Omit every picture, then return each line of the data below exactly.

### Data provided
━━━━━━━━

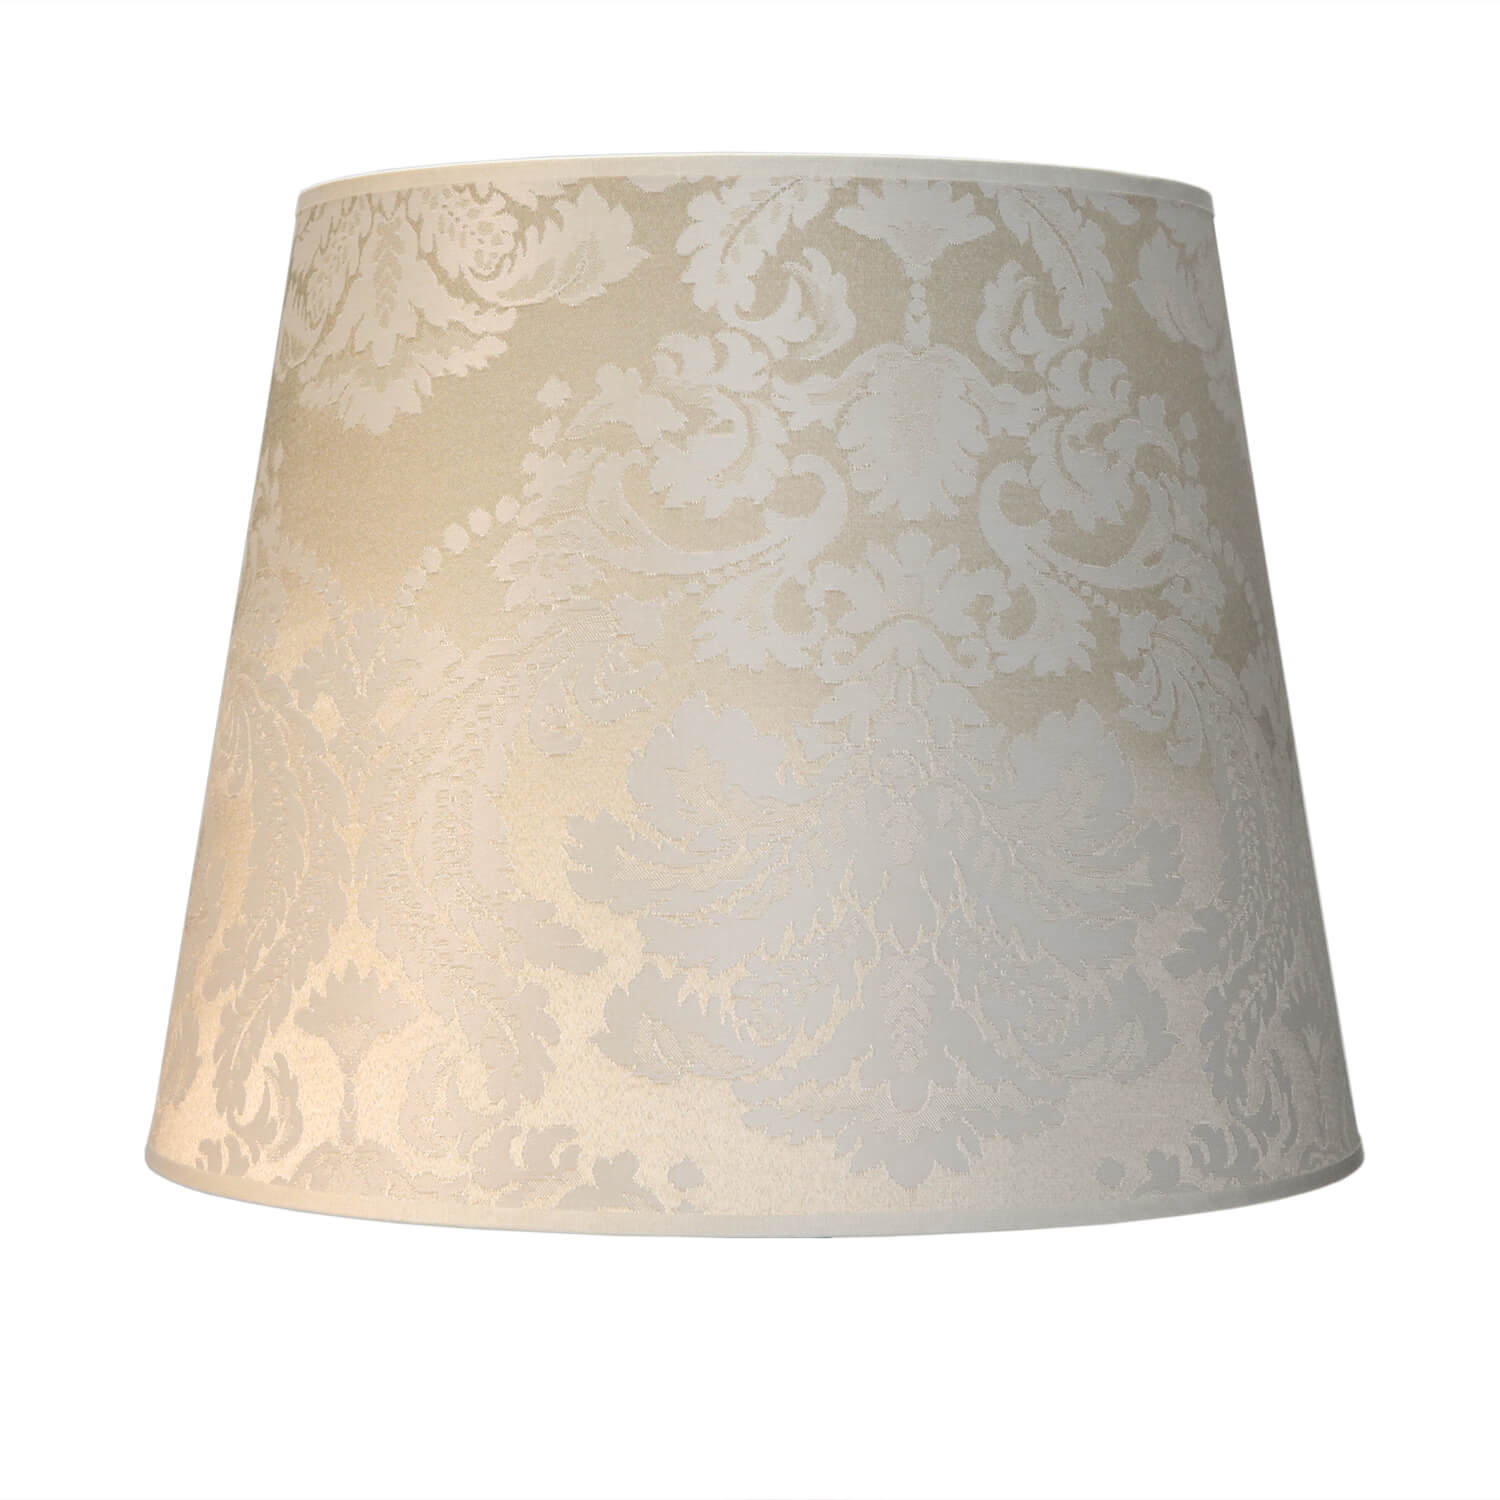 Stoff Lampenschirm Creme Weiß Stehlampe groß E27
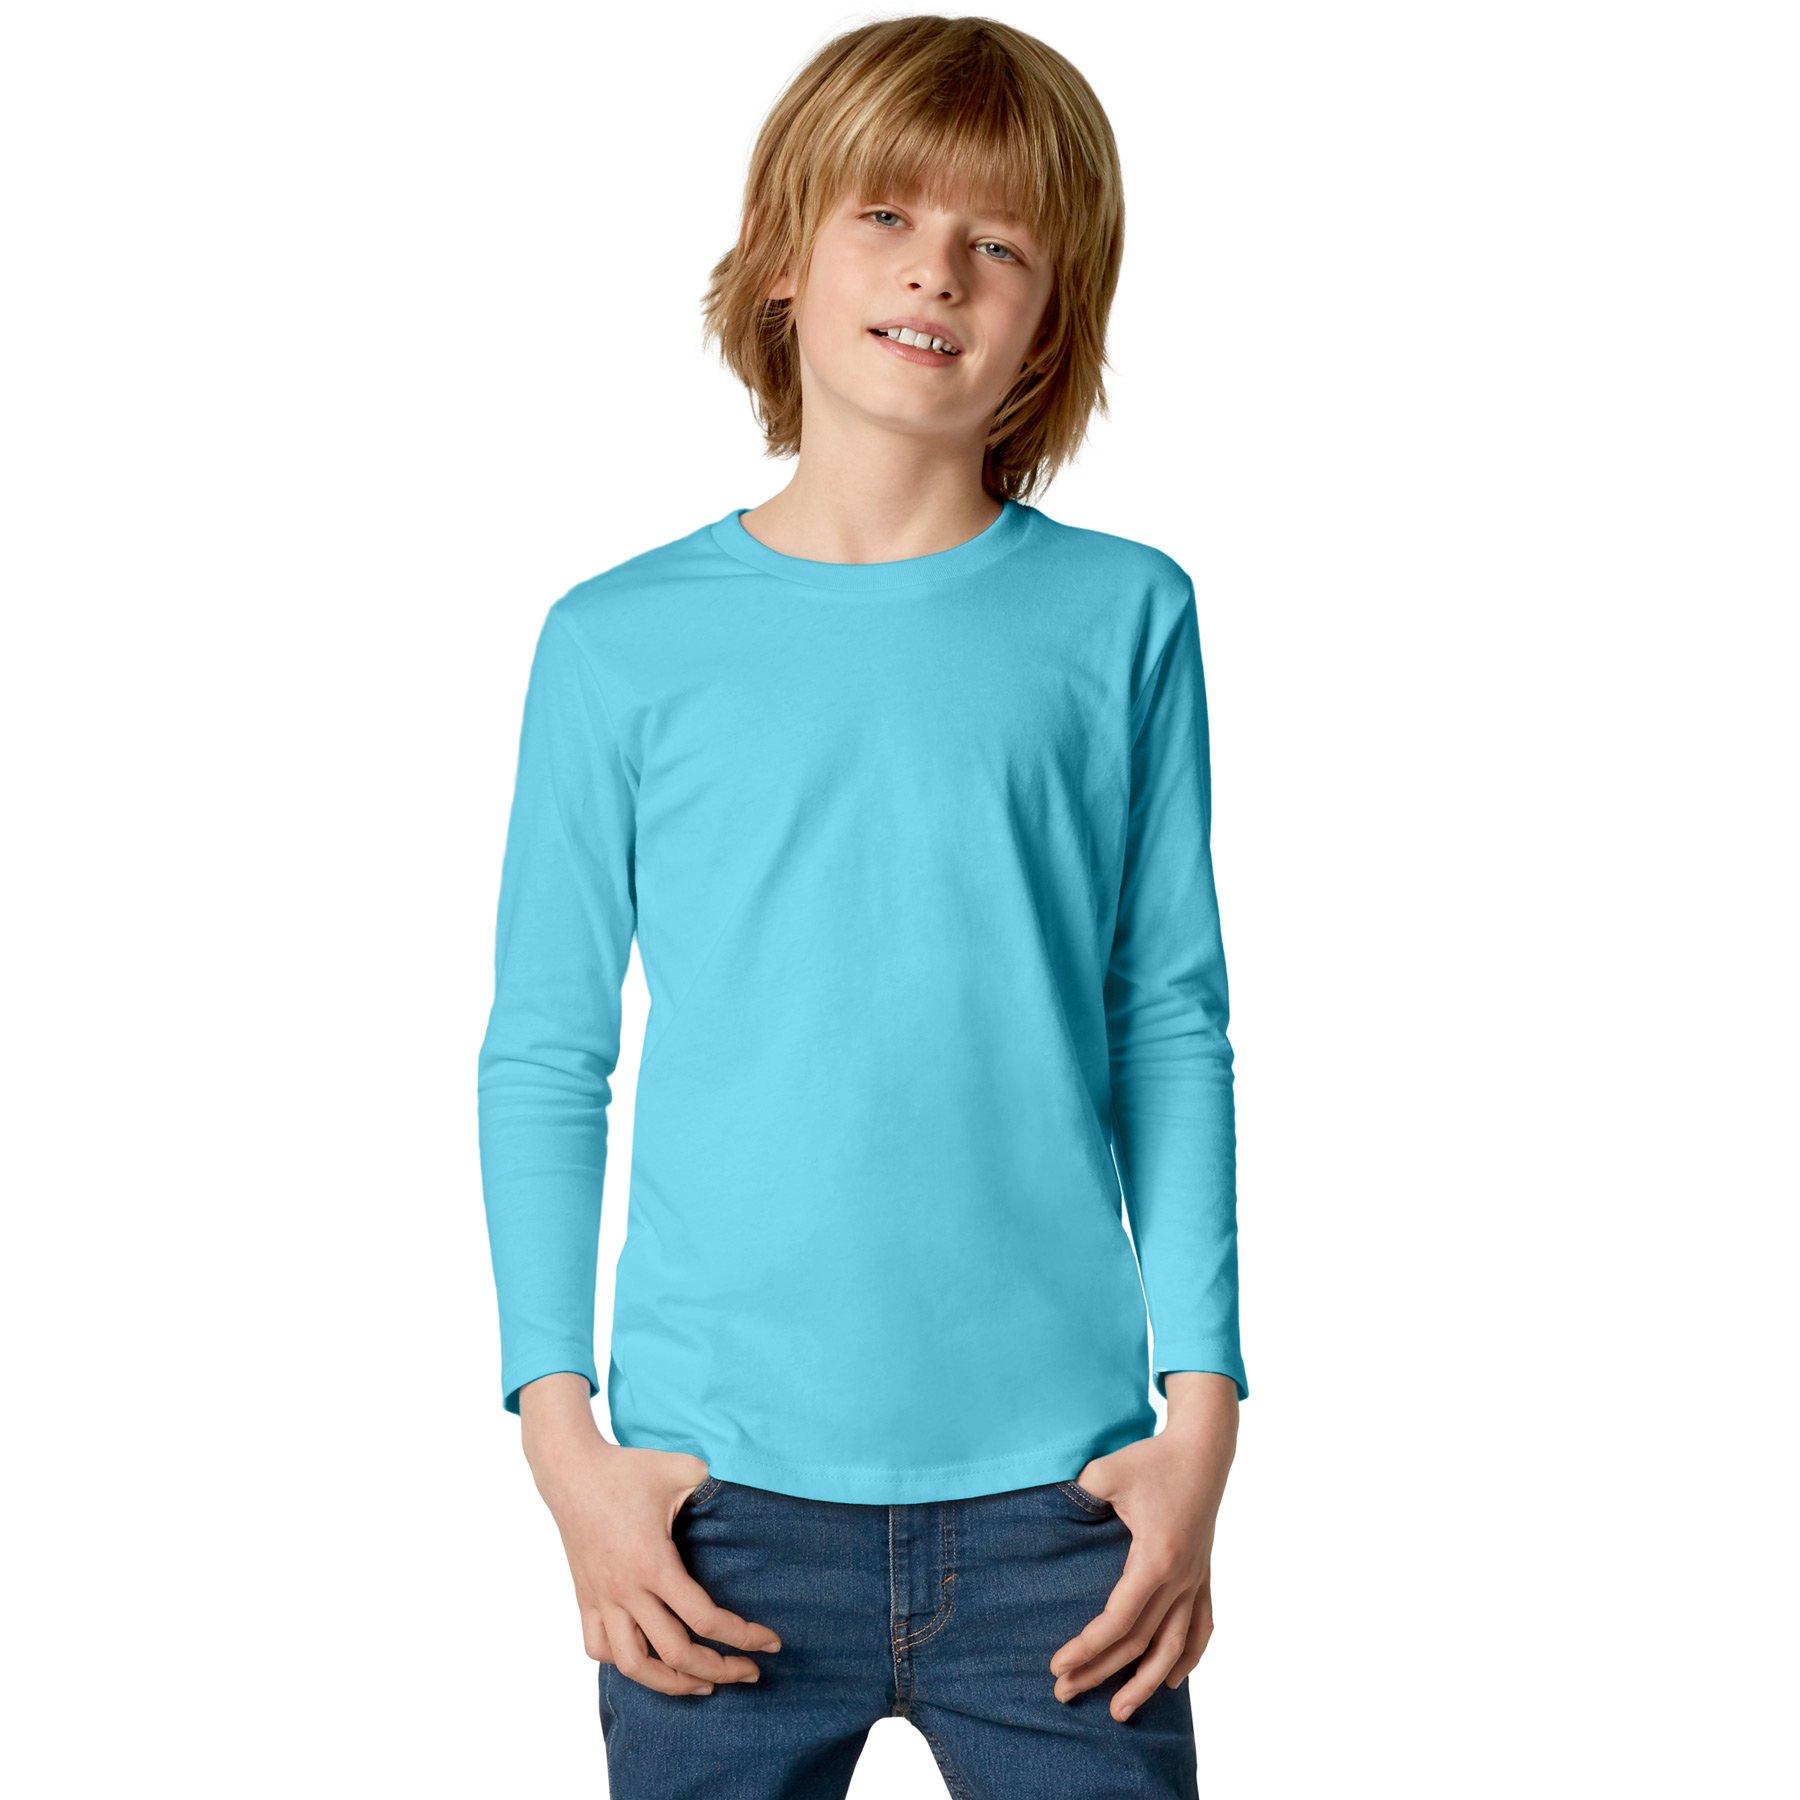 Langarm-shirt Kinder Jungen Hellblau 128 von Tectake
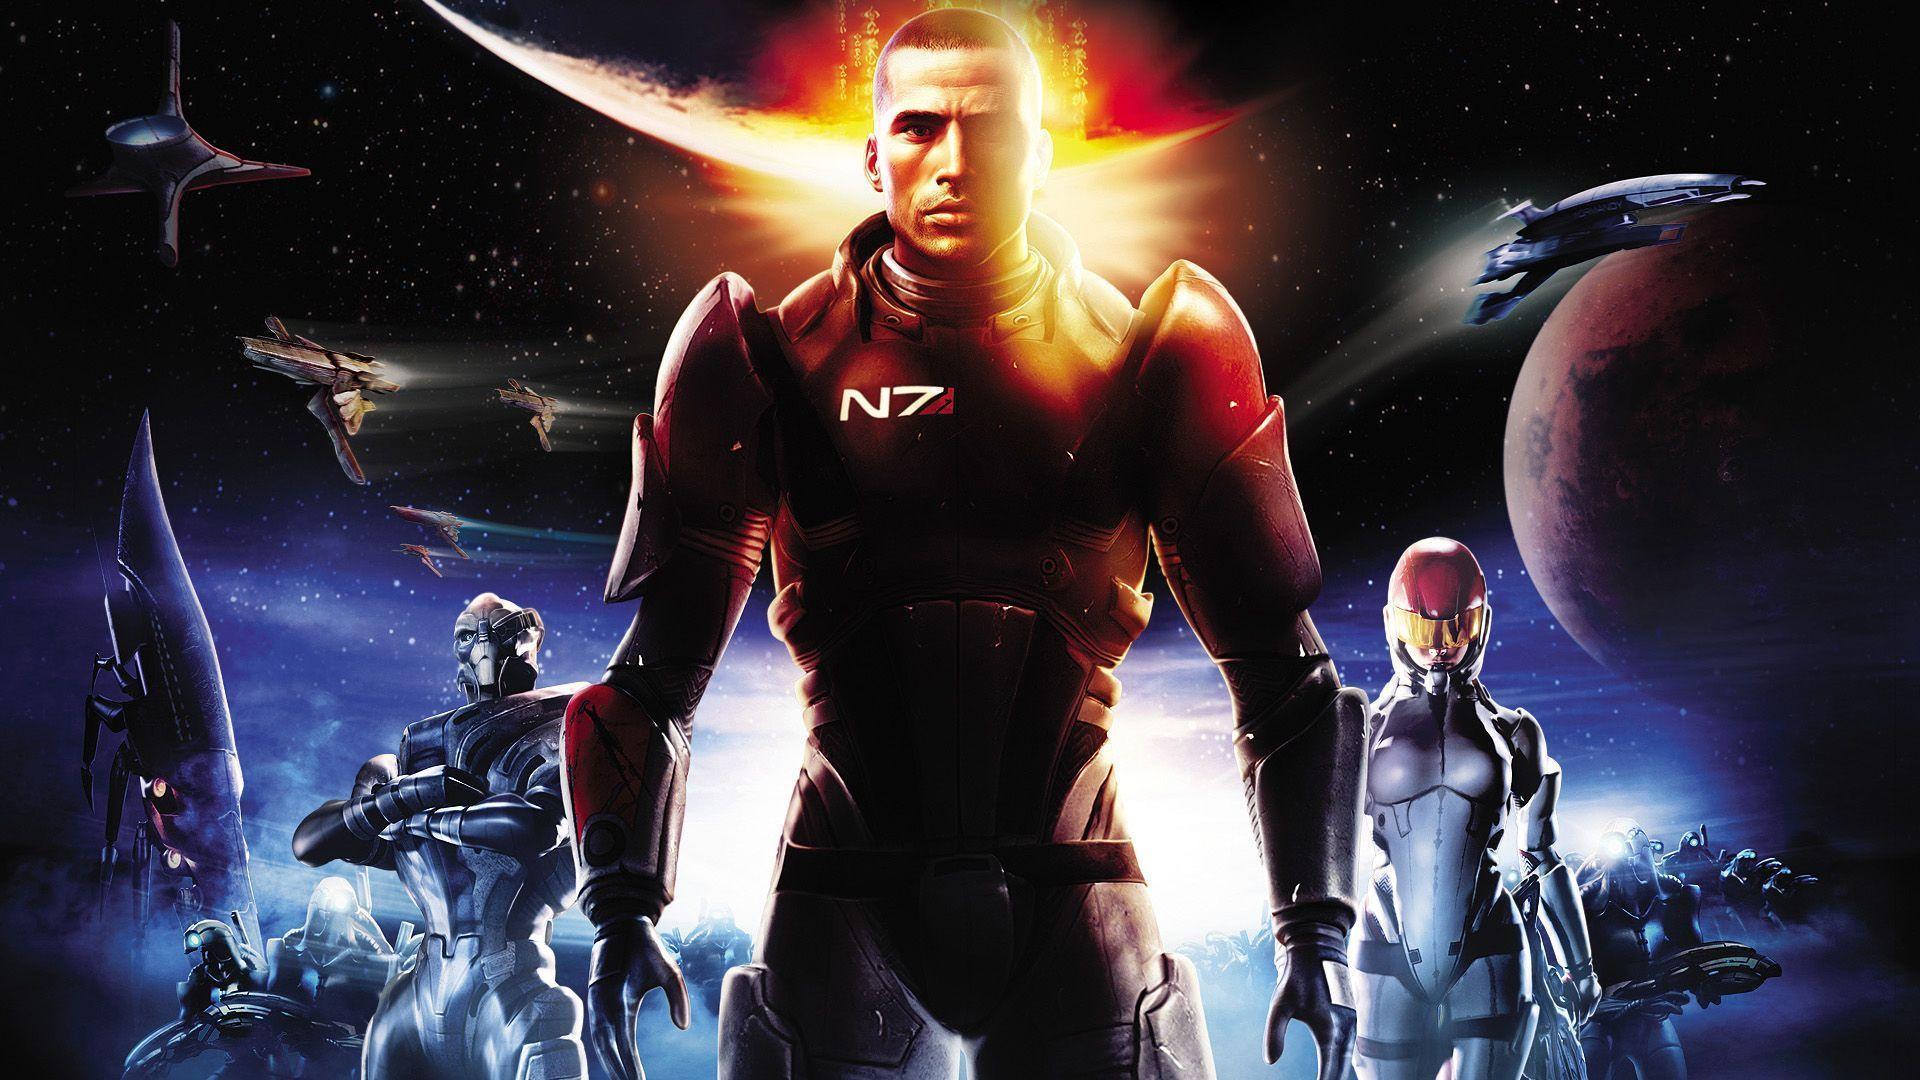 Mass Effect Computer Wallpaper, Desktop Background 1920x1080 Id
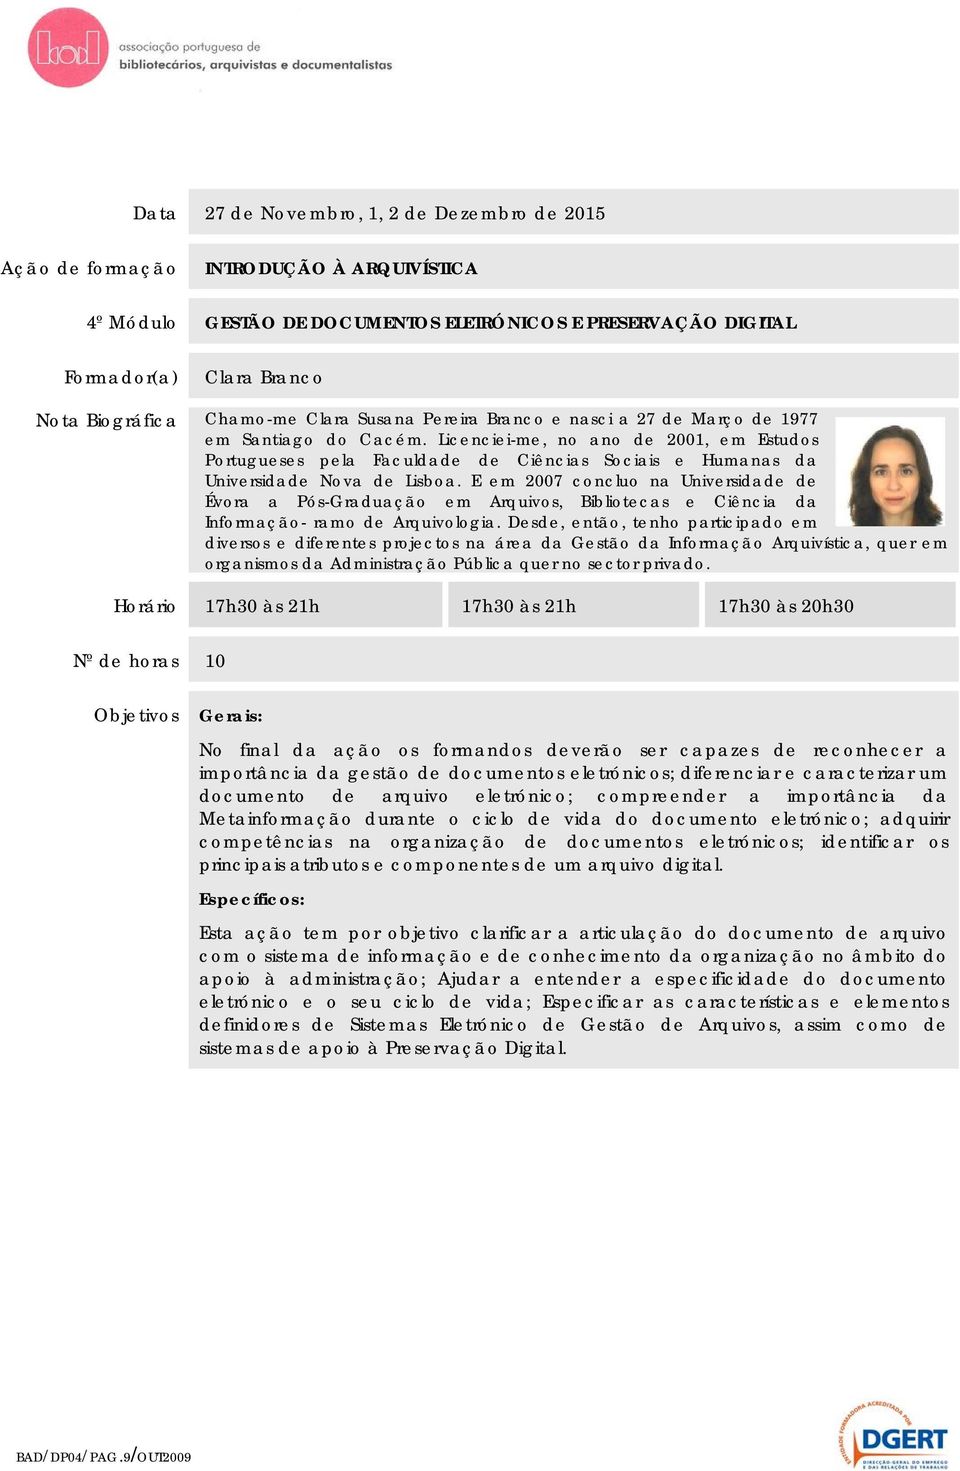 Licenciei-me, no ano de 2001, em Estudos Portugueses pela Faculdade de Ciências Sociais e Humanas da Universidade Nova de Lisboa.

━━━━━━━━

### Written solution
 Stoff Lampenschirm Creme Weiß Stehlampe groß E27
 Langarm-shirt Kinder Jungen Hellblau 128 von Tectake
 Mass Effect Computer Wallpaper, Desktop Background 1920x1080 Id
 Licenciei-me, no ano de 2001, em Estudos Portugueses pela Faculdade de Ciências Sociais e Humanas da Universidade Nova de Lisboa.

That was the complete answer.